Yeah, that bit never gets old.
No, this is TV Guy’d, and competitive reality television is not really our beat here. Instead, let’s cast our gaze upon the third season of HBO’s True Detective, returning this week to Foxtel station Fox Showcase. And because this is True Detective we’re talking about, that gaze is likely to be unabashedly male. That’s the show’s brand for ya – men with deep thoughts and feelings (the feelings often buried so deep it requires heavy equipment to excavate them), dedication to doing the job and, of course, demons. (Personal, not supernatural.)

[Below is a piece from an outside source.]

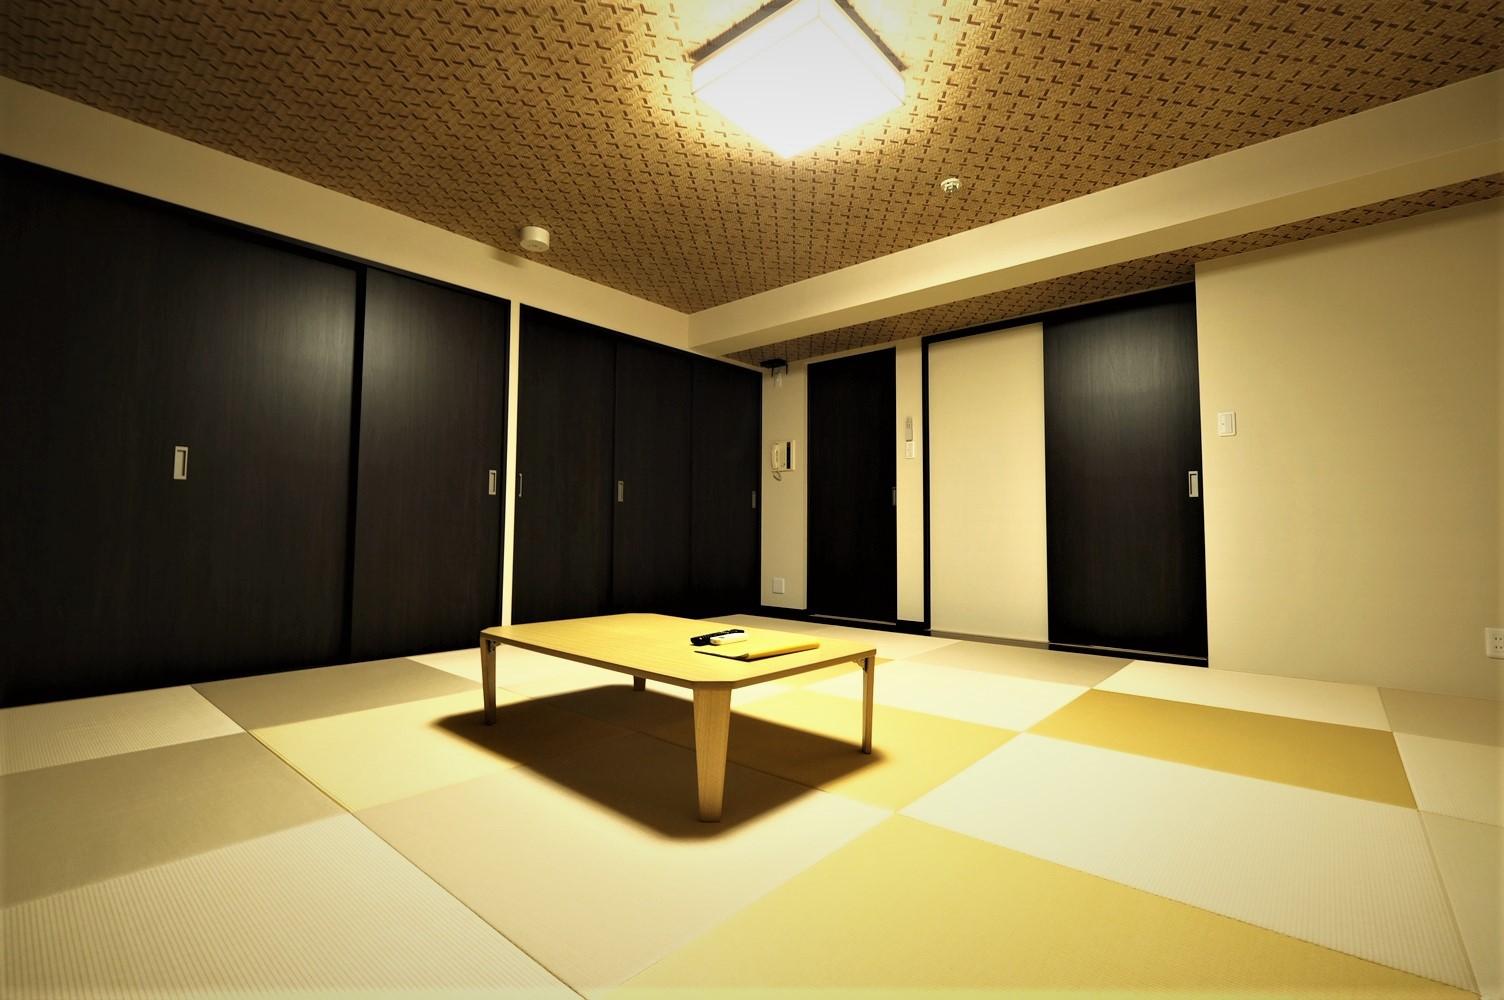 Wタイプ 12.5畳の和室になります。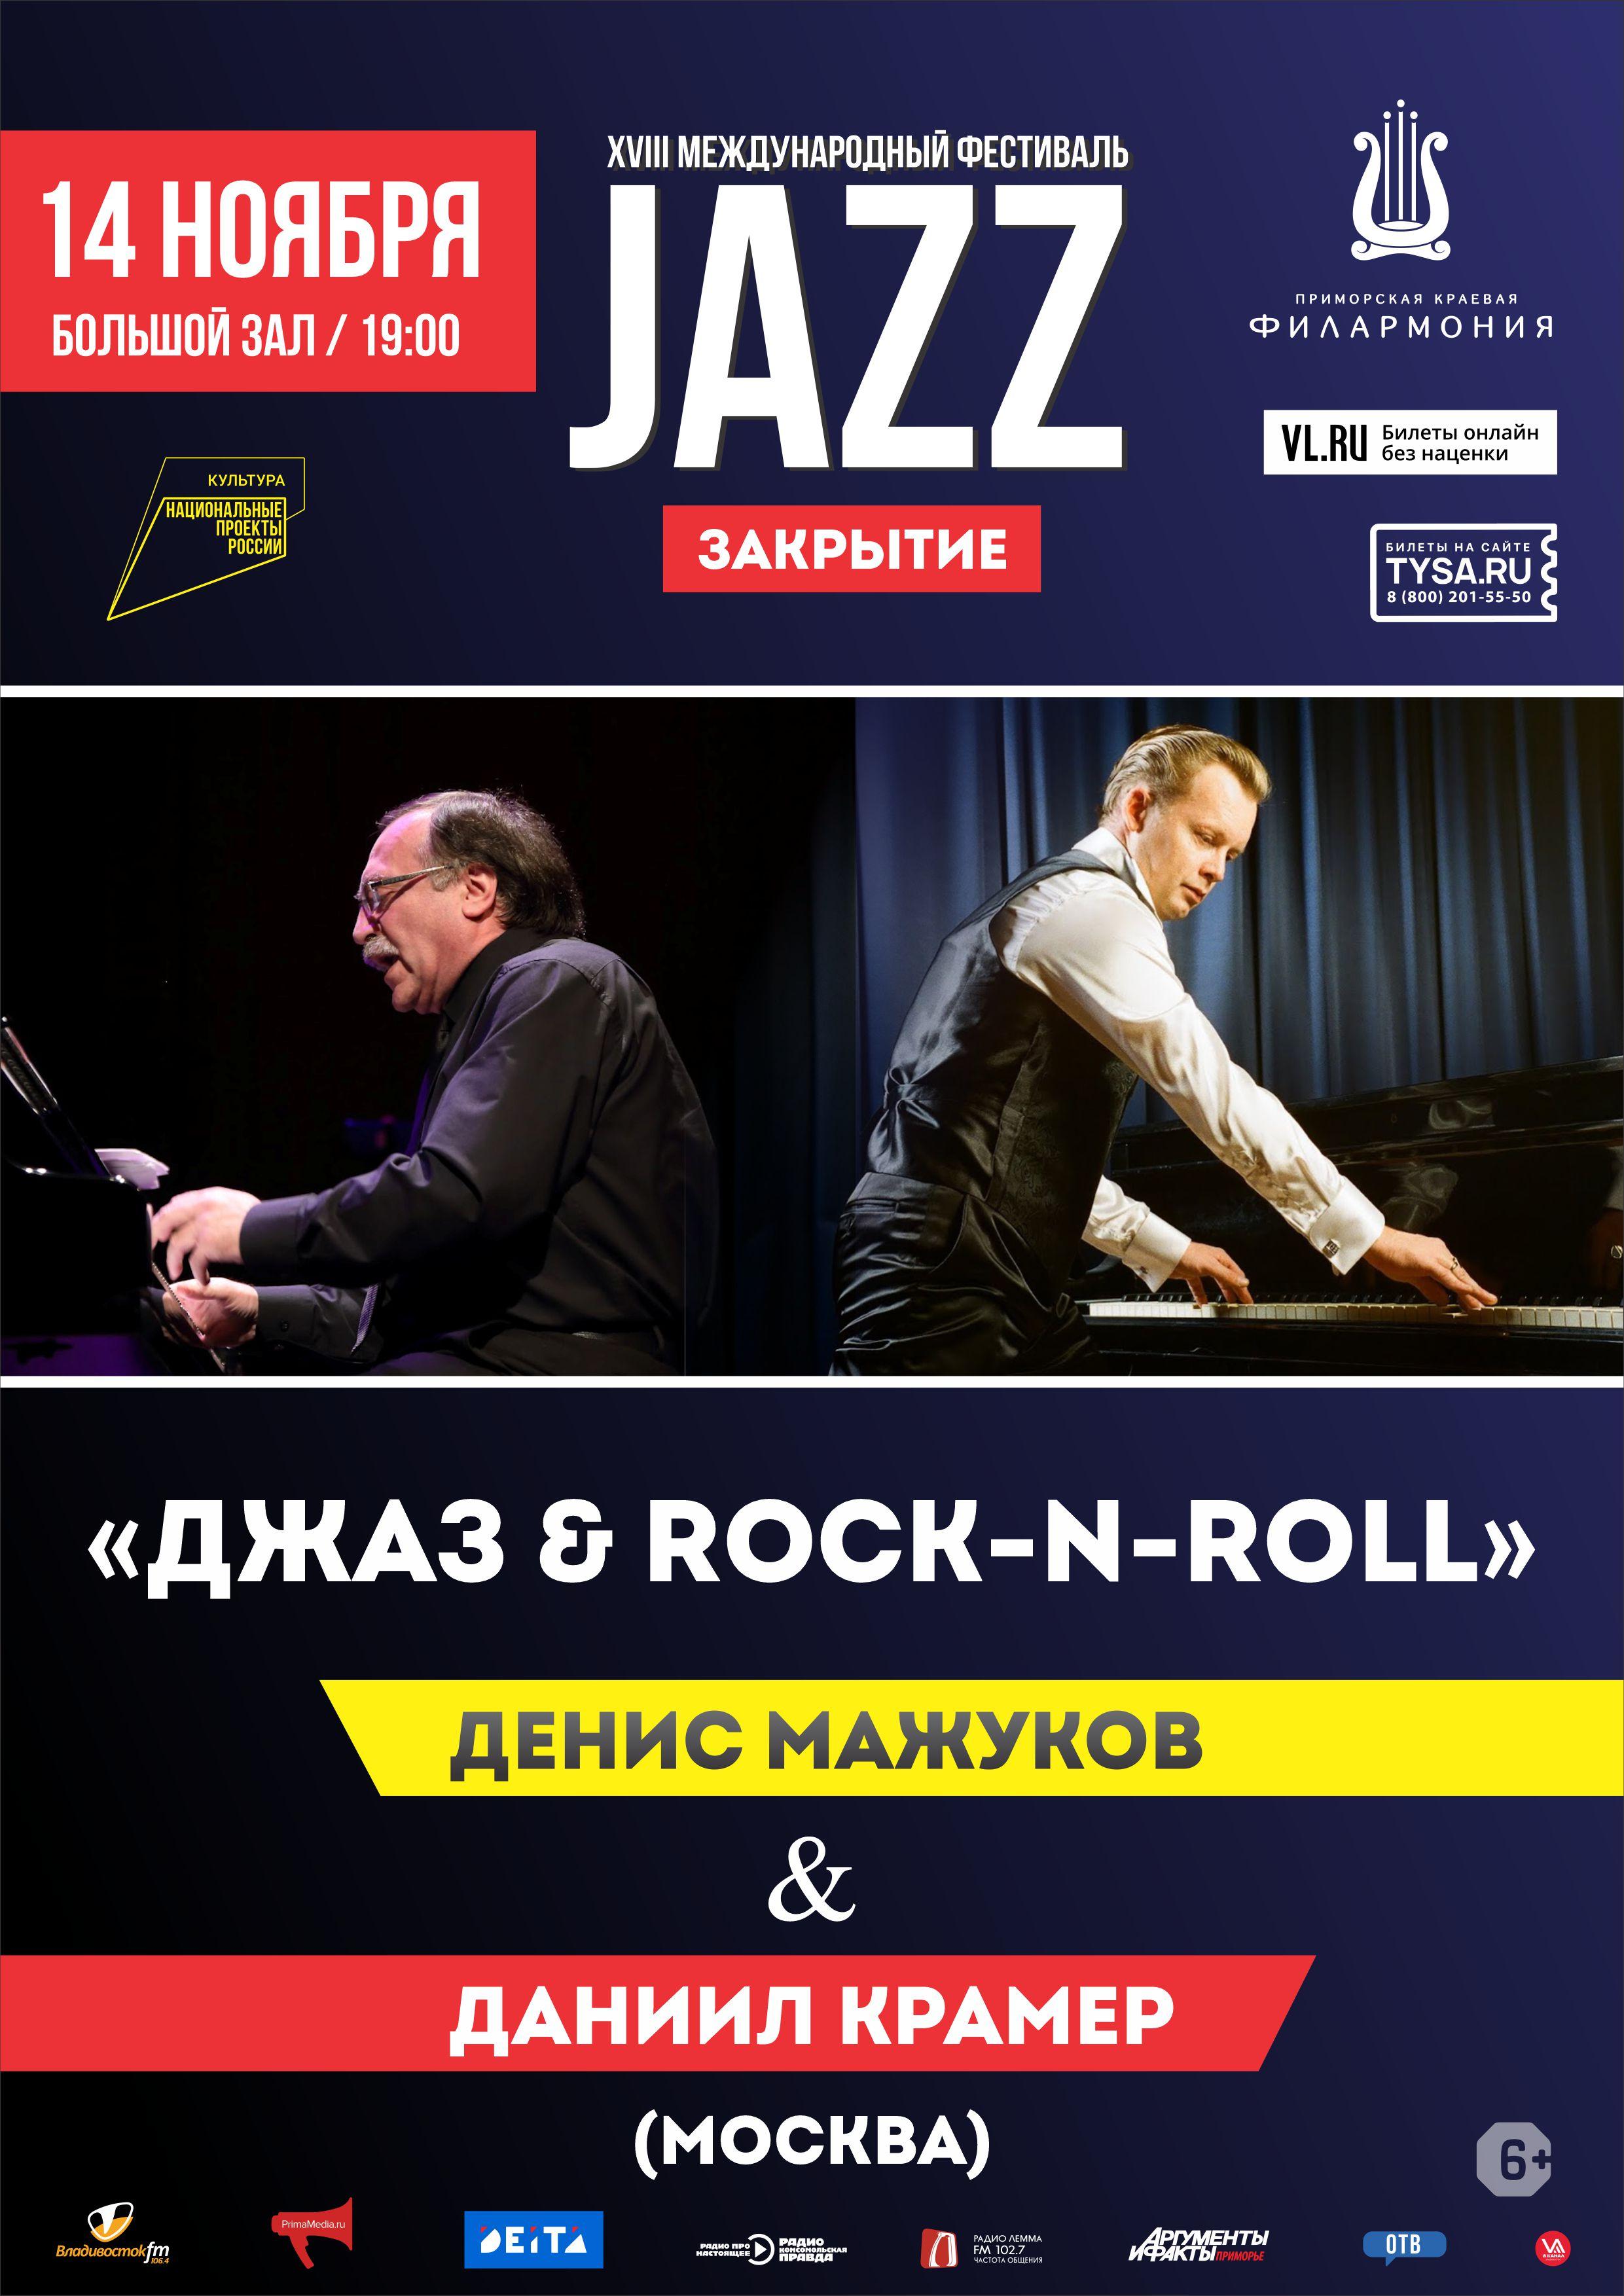 14 ноября XVIII  Международный Джазовый фестиваль во Владивостоке Закрытие

Based on its trailers and marketing, this new season of the series came across before its premiere as a return to first-season form – or perhaps a return to first-season formula – after a second season that could charitably be described as an ambitious departure and less charitably described as a total fucking misfire. (Personally speaking, I’m down with True 2 – it’s a sprawling, sweaty LA crime saga in the James Ellroy vein, with stylistic touches reminiscent of coked-up ‘80s-era William Friedkin and Brian De Palma, and has a memorably fucked-up protagonist in Colin Farrell’s Ray Velcoro.)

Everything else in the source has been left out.